A man whose wife was killed in the Shankill bomb is prepared to take legal action against the Stormont Executive over the delay in the delivery of a victims' pension scheme.
It has been held up due to a stand-off between Belfast and London over who pays the estimated £100m cost.
The first stage in the potential legal action will begin today.
It will focus on the Executive's "failure to comply with legislation to provide payments for those severely injured through no fault of their own during the Troubles in Northern Ireland".
The Victims' Payment Scheme had been due to open for applications on May 29.
However, that won't now happen, and structures passed into law in January to administer the scheme have not been set up.
Alan McBride, coordinator of the WAVE trauma centre, who lost his wife Sharon and father-in-law Desmond Frizzell in the IRA's 1993 bombing of the family's fish shop, is behind the legal action. WAVE last night indicated that, depending on the Executive Office's response to a pre-action protocol letter asking for an explanation, a decision will be made whether or not to apply for a judicial review of the Executive's conduct.
Northern Ireland's Victims' Commissioner has accused the authorities of adding insult to the injury sustained by thousands of conflict survivors.
In a scathing critique of Downing Street and Stormont, Judith Thompson said victims had once again been allowed to slip down the list of priorities.
"So people who wore their injuries well and fought a long, hard fight to get some recognition and a standard of living now suddenly find their perception is that this is all slipping away from under their feet. It is incredibly cruel," she said.
DUP leader Arlene Foster said: "This pension was a massive step forward for innocent victims. I have spoken with the Secretary of State and urged him to stand by the legislation passed in Westminster and fund the pension.
"It is unseemly that these deserving people are being let down due to the Government not releasing funding.

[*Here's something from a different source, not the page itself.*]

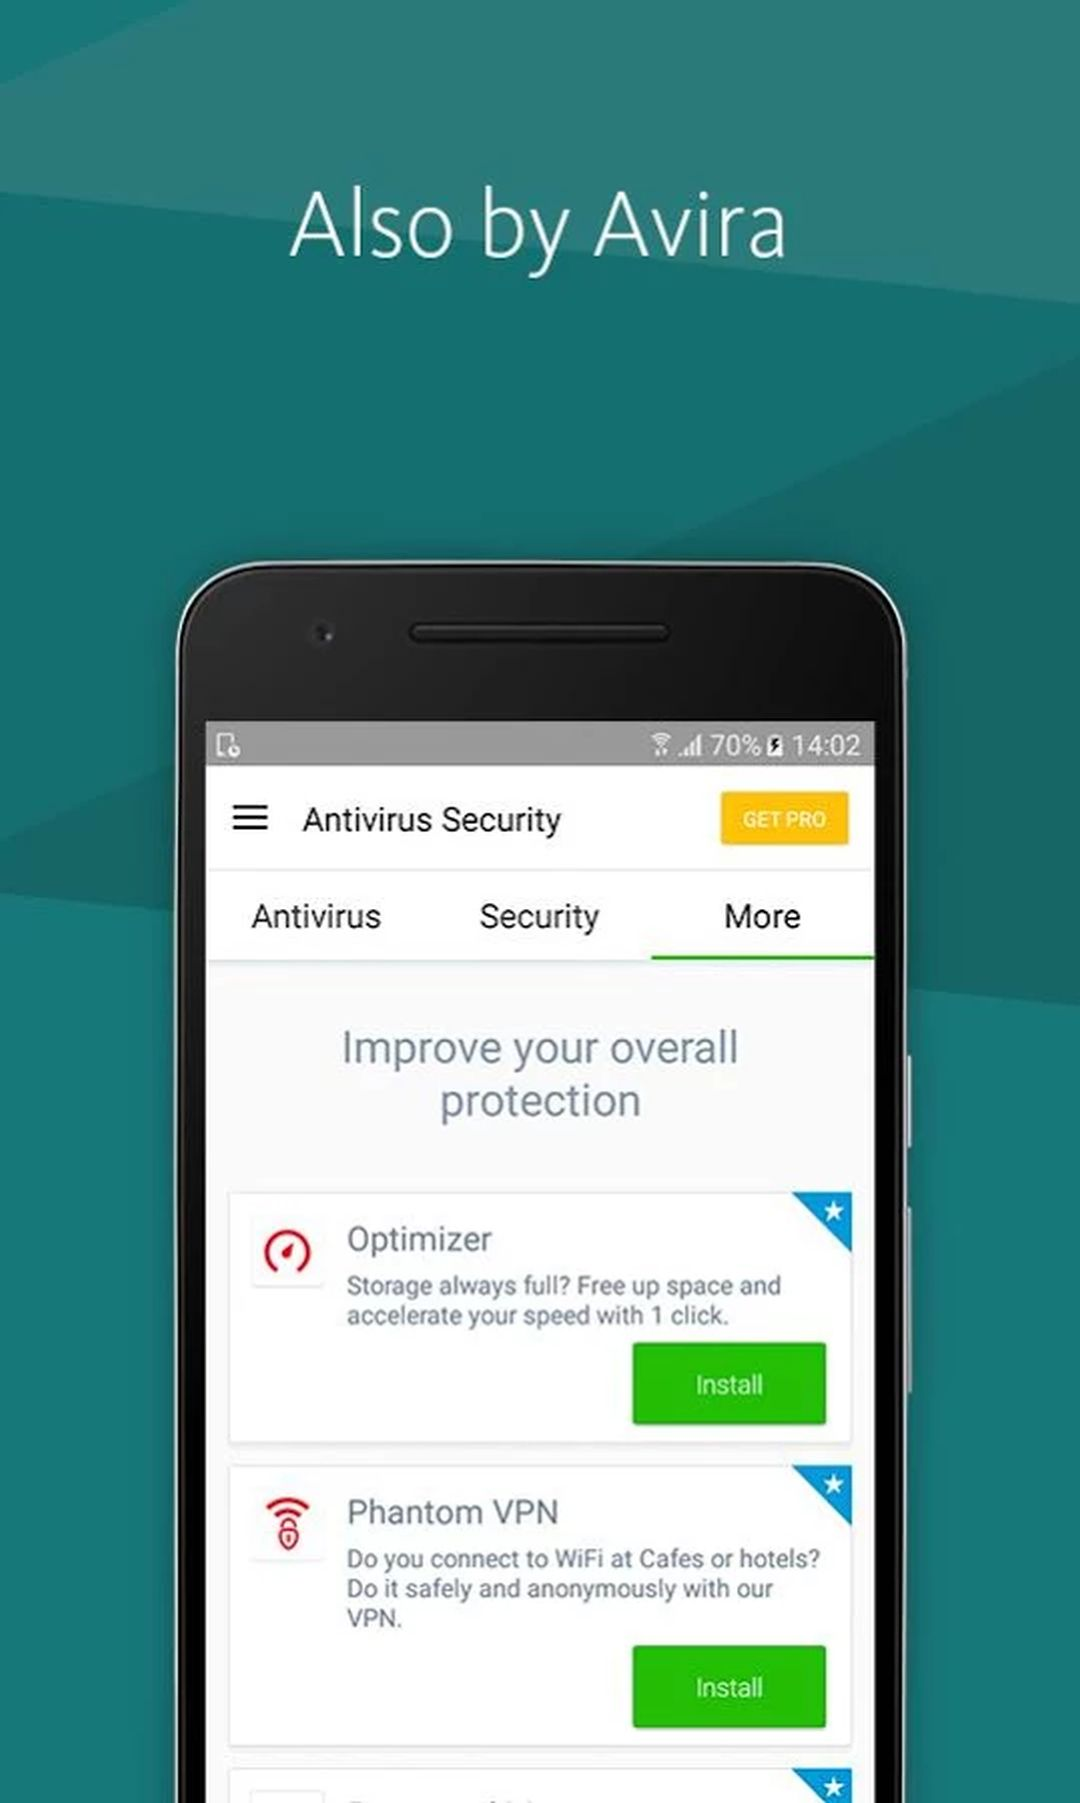 download avira antivirus for android apk

The Northern Ireland Civil Service will administer the scheme, but Treasury needs to release funds for Northern Ireland to afford the pension."
Sinn Fein MLA Linda Dillon also called on the Treasury to finance the scheme. "Sinn Fein wants to see a pension in place and delivered to meet the needs of all victims," she said.
UUP MLA Doug Beattie branded the delay "a total disgrace". He said: "The handling of this has been shocking. We need to urgently hear from the Executive Office and the Northern Ireland Office. Victims deserve answers." SDLP MLA Dolores Kelly said: "It is disgraceful that posturing over who foots the bill is creating further delay and uncertainty for people who have already been forced to wait for far too long.
"This legislation was passed at Westminster with the support of local parties. Westminster therefore has a responsibility to supply the resources to deliver on the commitments the Government has made."
TUV leader Jim Allister said: "It is a telling indication of how high innocent victims feature on the agenda of the Executive parties that this issue was not nailed down as part of the New Decade, New Approach deal. Money could be found for Irish language and Ulster-Scots legislation. Commitments could be made in relation to legacy proposals, which have received a cool reception to say the least from innocent victims.
"But when it came to delivery of the pension already promised there was, again, failure. That is shameful."
An Alliance spokesman said: "In particular, it must be recognised the UK Government has a responsibility with respect to funding this pension, given its commitments in January. It would be unacceptable if these payments were further frustrated or delayed, letting victims down again."